▶ **Data shown**:
▶
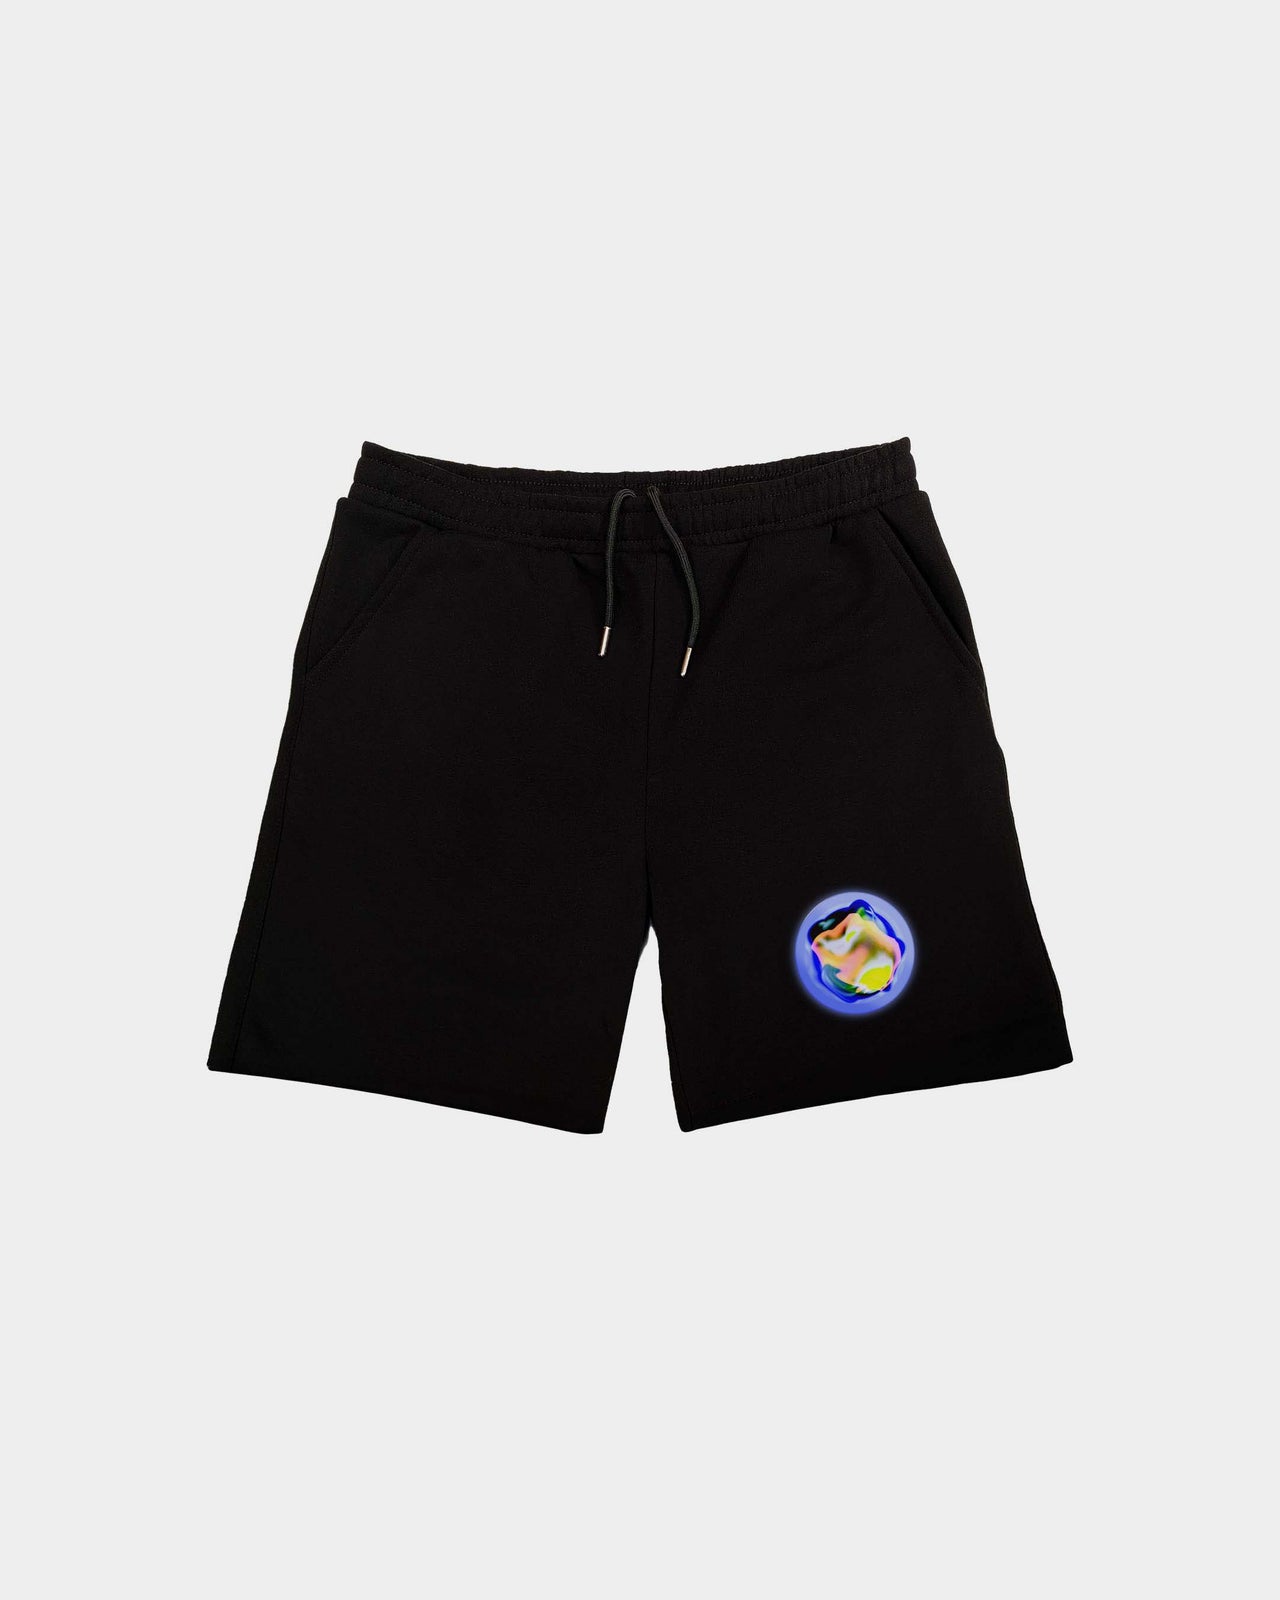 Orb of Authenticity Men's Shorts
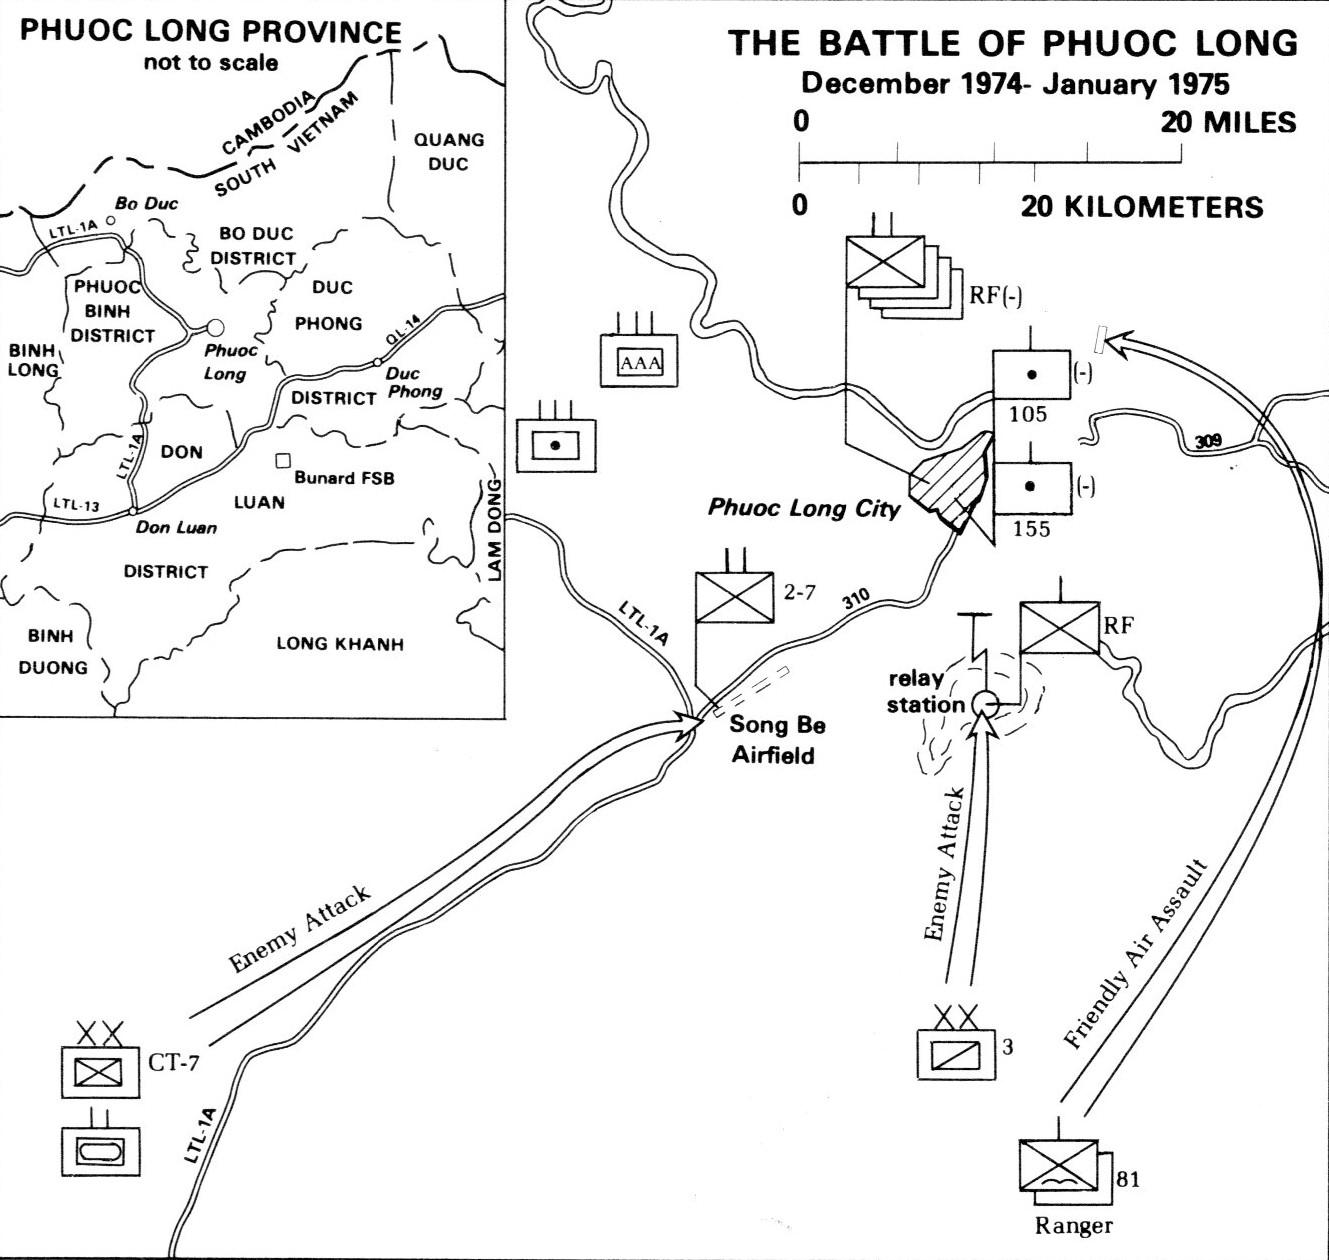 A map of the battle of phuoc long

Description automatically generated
◀
▶ **Directions**:
Restate word for word the lines from the one with "A map of the battle of phuoc long" to the end of the material, both included. Do not include the pictures.

▶ **Task answer**:
 A map of the battle of phuoc long

Description automatically generated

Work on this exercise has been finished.